**Material for this task:**
[Start of section]
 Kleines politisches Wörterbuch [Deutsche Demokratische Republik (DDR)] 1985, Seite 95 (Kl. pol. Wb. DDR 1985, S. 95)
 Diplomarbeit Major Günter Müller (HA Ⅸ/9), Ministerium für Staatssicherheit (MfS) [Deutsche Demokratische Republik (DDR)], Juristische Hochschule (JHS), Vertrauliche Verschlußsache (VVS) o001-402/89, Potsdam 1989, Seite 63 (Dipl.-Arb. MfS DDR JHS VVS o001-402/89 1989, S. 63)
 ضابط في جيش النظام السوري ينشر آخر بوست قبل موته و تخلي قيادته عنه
[End of section]
[Start of section]
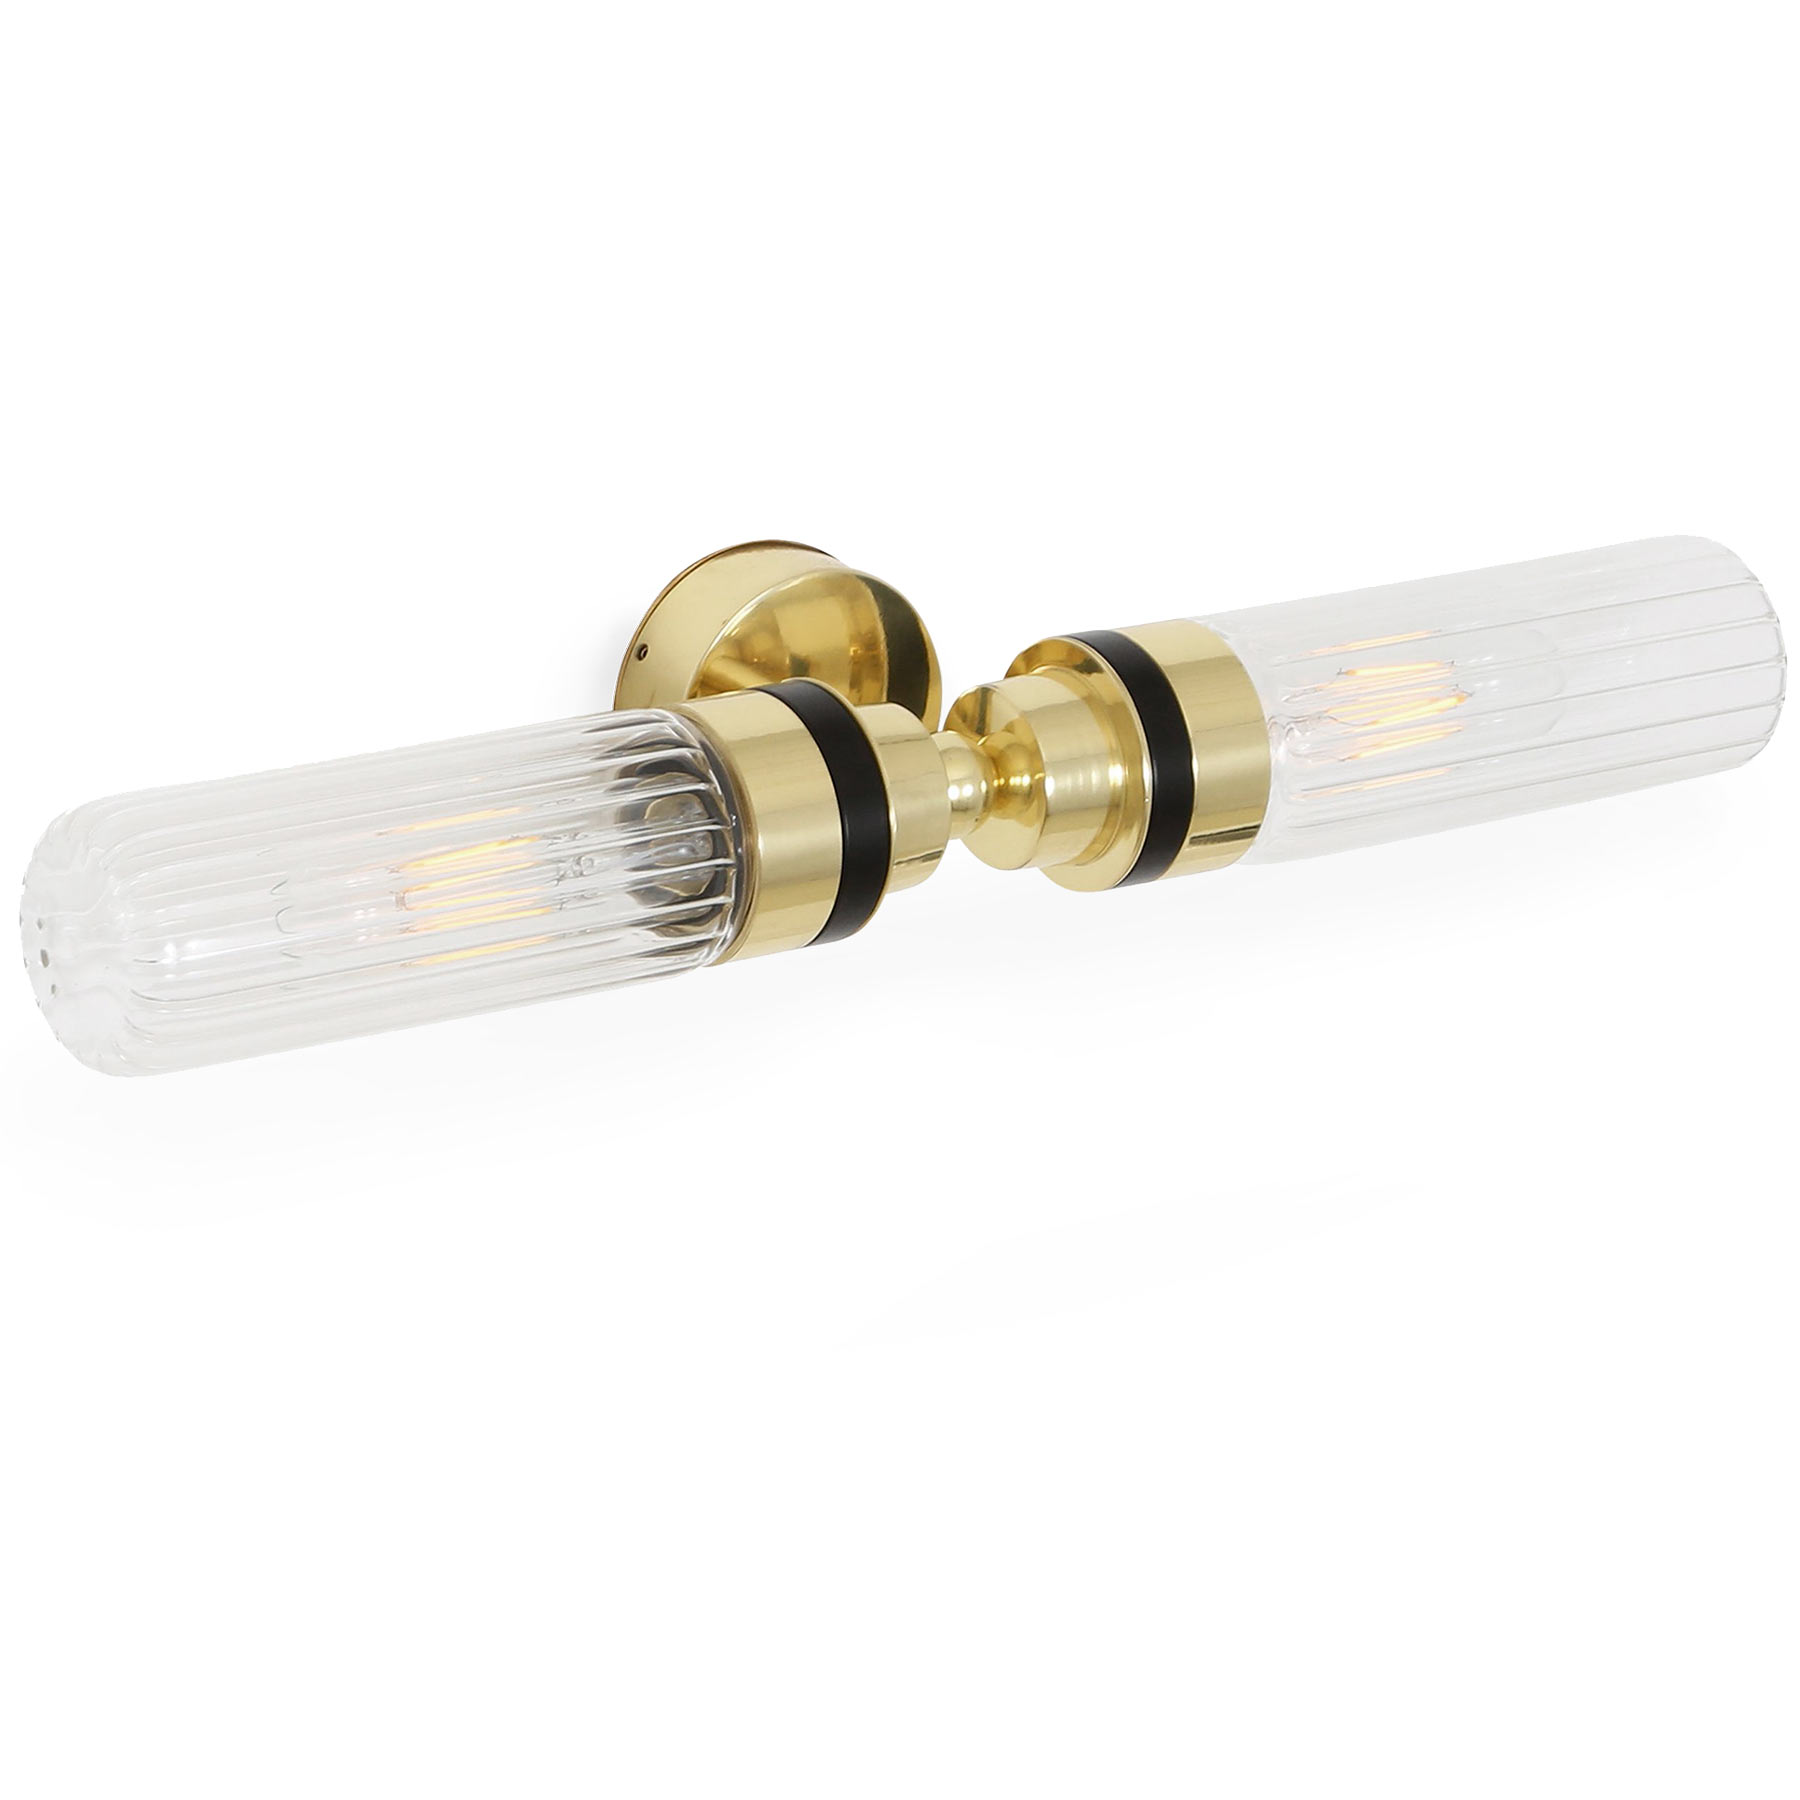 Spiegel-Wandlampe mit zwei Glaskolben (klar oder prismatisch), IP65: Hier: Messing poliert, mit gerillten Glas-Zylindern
[End of section]
**Your instructions:** Among the lines above, repeat exactly those from the line with "Kleines politisches Wörterbuch" to the line with "Diplomarbeit Major Günter", counting both ends.

**Exercise solution:**
 Kleines politisches Wörterbuch [Deutsche Demokratische Republik (DDR)] 1985, Seite 95 (Kl. pol. Wb. DDR 1985, S. 95)
 Diplomarbeit Major Günter Müller (HA Ⅸ/9), Ministerium für Staatssicherheit (MfS) [Deutsche Demokratische Republik (DDR)], Juristische Hochschule (JHS), Vertrauliche Verschlußsache (VVS) o001-402/89, Potsdam 1989, Seite 63 (Dipl.-Arb. MfS DDR JHS VVS o001-402/89 1989, S. 63)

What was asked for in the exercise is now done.